Aim of the exercise: Every line of the listing below should be written out exactly, minus its images.

Data segment:
______
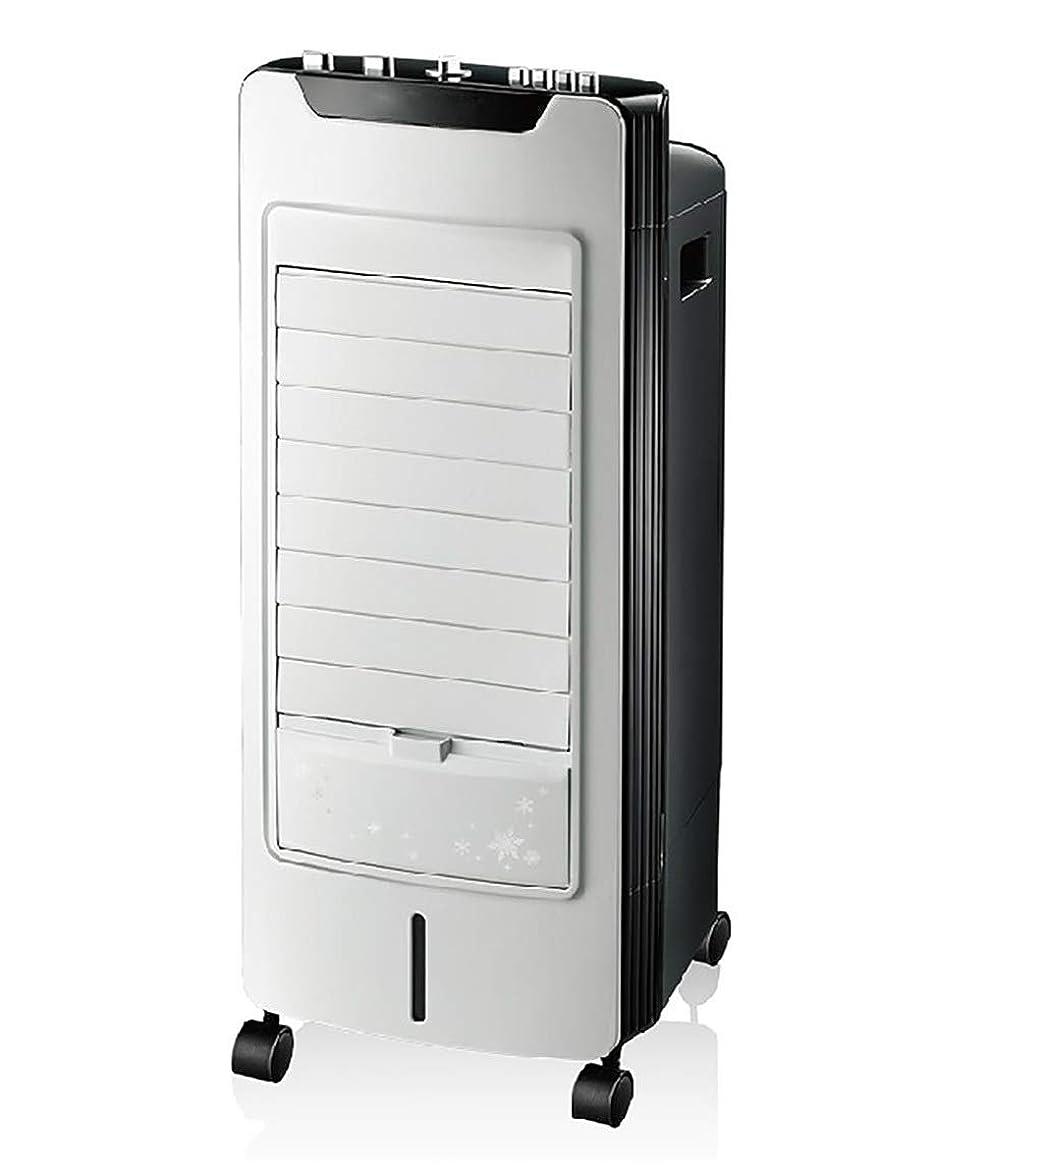 ビスケット腹楽しい冷風機モバイル自宅用エアコンファンポータブルオフィス低騒音扇風機小型クーラー サイズ:32 * 32 * 72 * Cm
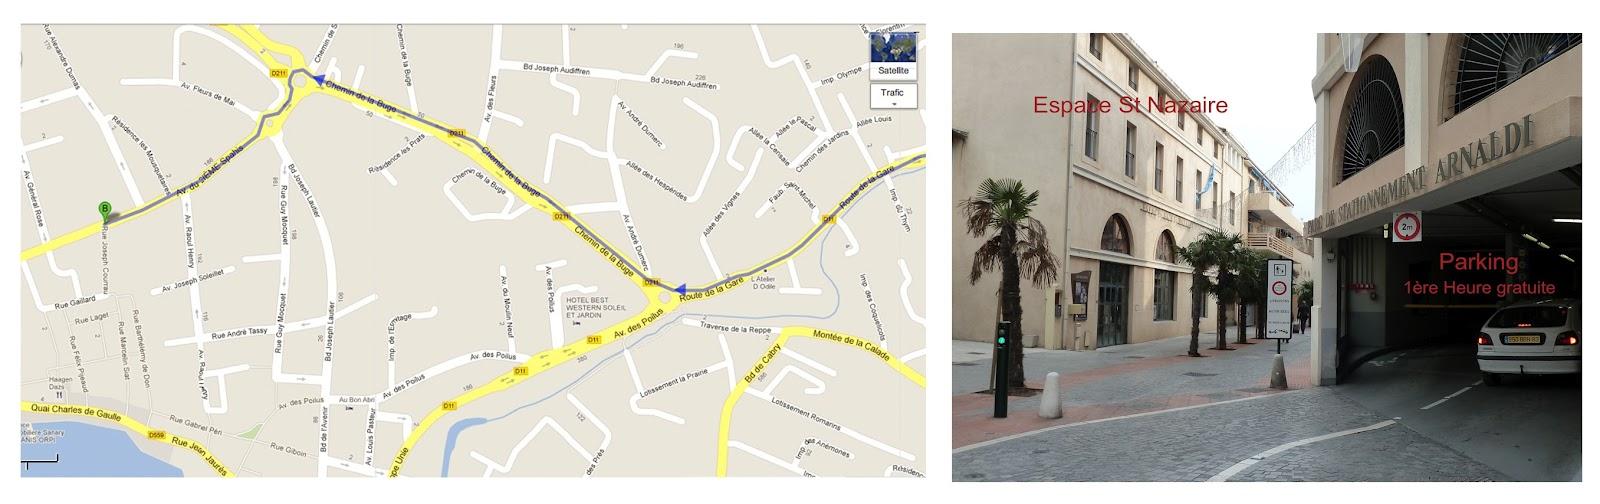 Rue joseph courrau sanary location avec cuisine quip e for Axa immobilier location
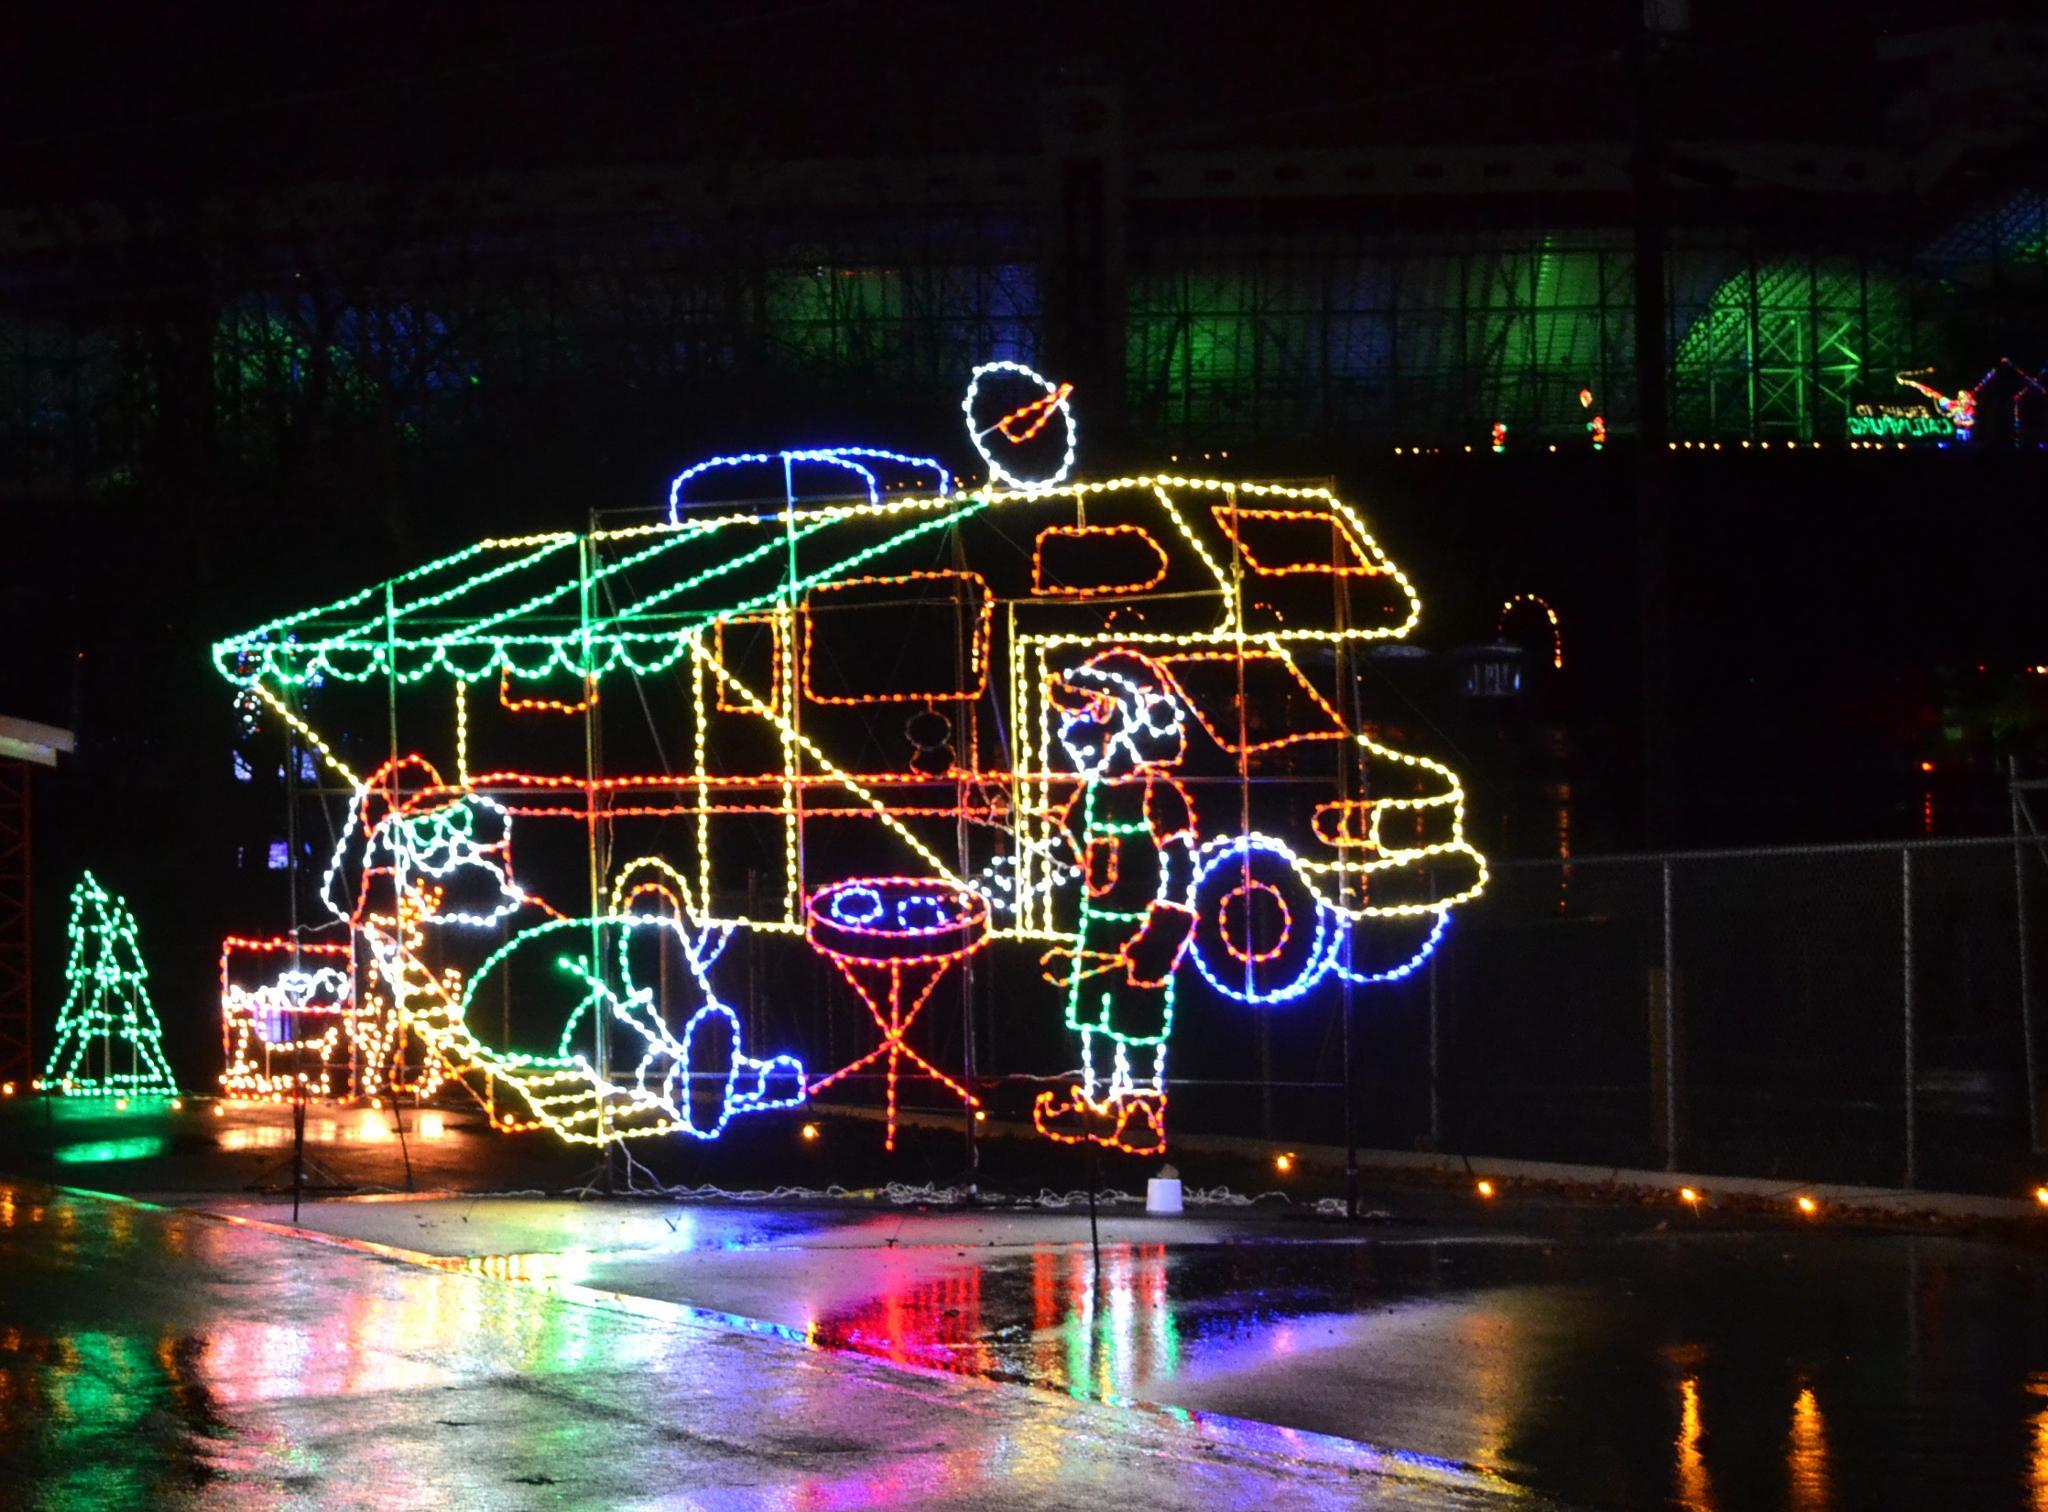 RV in Lights by lindandarrell
______
Output of the exercise:
 ビスケット腹楽しい冷風機モバイル自宅用エアコンファンポータブルオフィス低騒音扇風機小型クーラー サイズ:32 * 32 * 72 * Cm
 Rue joseph courrau sanary location avec cuisine quip e for Axa immobilier location
 RV in Lights by lindandarrell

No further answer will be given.